Tantya Turner, the Director of Development Services, says the idea is to produce an action list to reduce community crime and disorder tensions in the community overall…

“It will involve property crimes and their patterns, police resources and crime reduction prevention approaches, a review of city resources and prevention programs including bylaw and code enforcement, community partner and stakeholder participation in these conversations, service provider resource like social services, housing, health, as well as potential for community engagement.”

The cost of the assessment is 13 thousand dollars.

Mayor Bob Simpson says this is the best way for the city to really get a foundational piece on what we need to do as a community…

“We’ve had extensive conversations over the last few weeks with Northern Health, with BC Housing, we met at length with Seasons House, so we’re doing a lot of groundwork. But we really need someone to come in and say here is your low hanging fruit to get on top of this through design, here is where you can start to rebuild relationships or have a multi-agency approach to it, here’s where you’ve got to do some more enforcement options and maybe make some of your enforcement capability more robust, so i think it’s the right thing for us to do.”

Simpson says a lot of the traditional methods of the resources that the community used to have no longer exist such as auxiliary RCMP officers, Citizens on Patrol and Neighbourhood Watches.

He says they are also working on multiple fronts…

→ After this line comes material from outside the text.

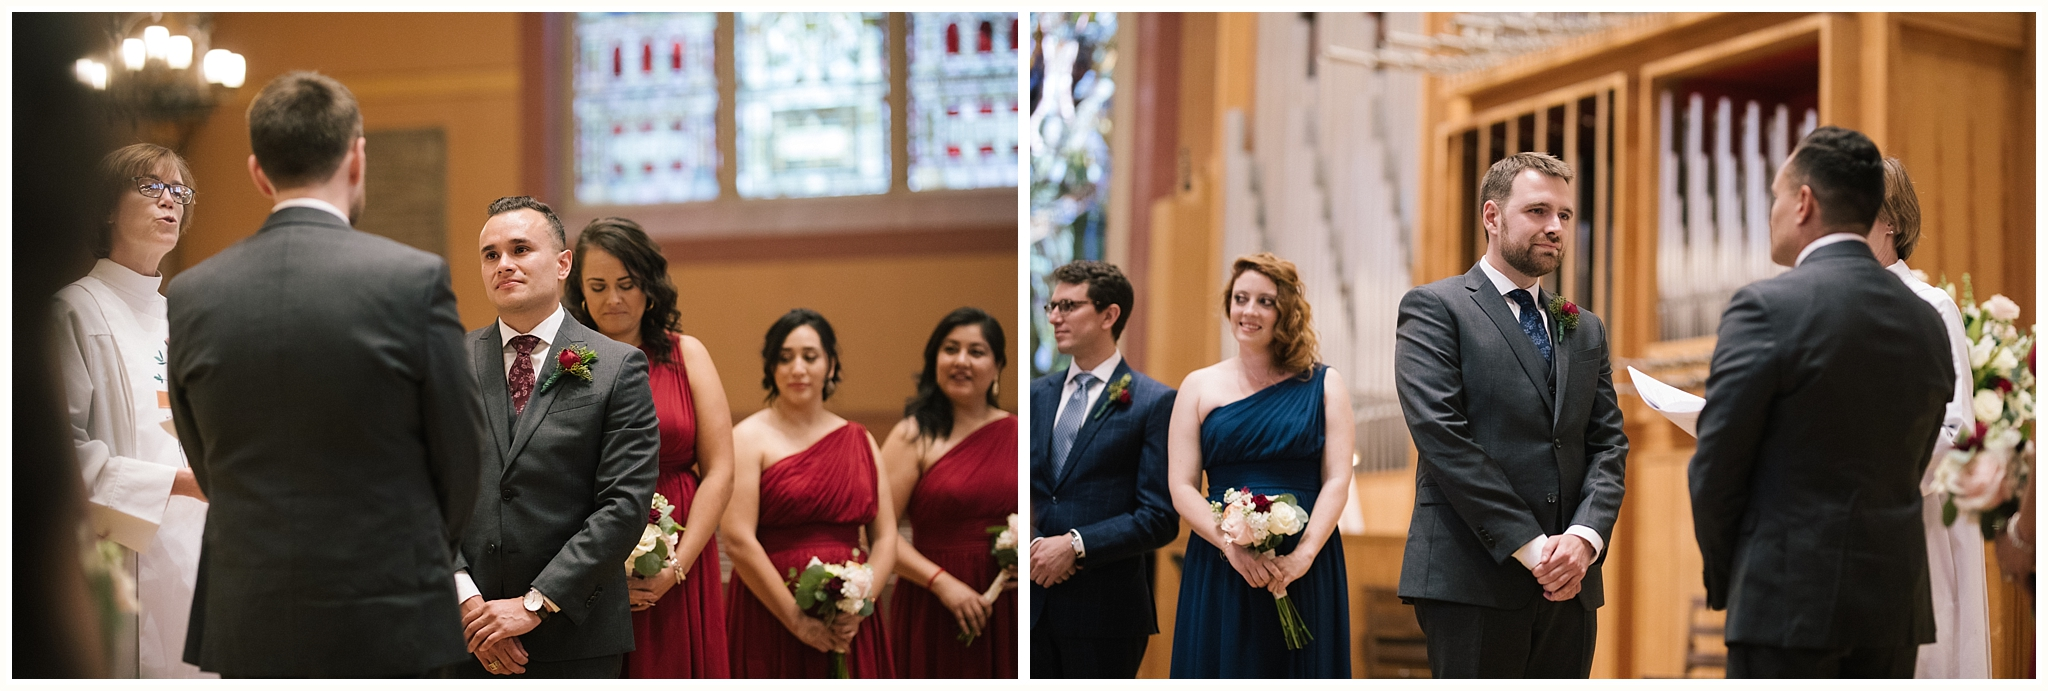 Boston MA Wedding MIT_0016.jpg

“I have asked the City Manager to look at the late August or early September to come back with a report that is more comprehensive on all of the pieces that we have in play to try and address the issue of the property crimes, predominantly it’s property crimes and it’s absolutely drug-related property crimes that we have going on in the community, so we will be bringing a report back to Council showing all of the different strategies. We’re also trying to seek a late August-early September meeting with all of the housing providers in the community so all the not-for-profits, agencies that might be interested in developing housing and with BC Housing and health to try and understand what the housing continuum is that we need.”

Simpson says he also wants to sit down with the social services agencies, because part of the struggle he is having is nobody seems to be willing to work with the city to answer the question of why a community of our size is experiencing this uptick of people that we don’t know in our community, this uptick in property crimes, this uptick in the extensive amount of harm reduction kits that are being distributed in the community.

He says they need to work with the social agencies to really understand if they can help them to get at some of the root issues of what’s going on in the community.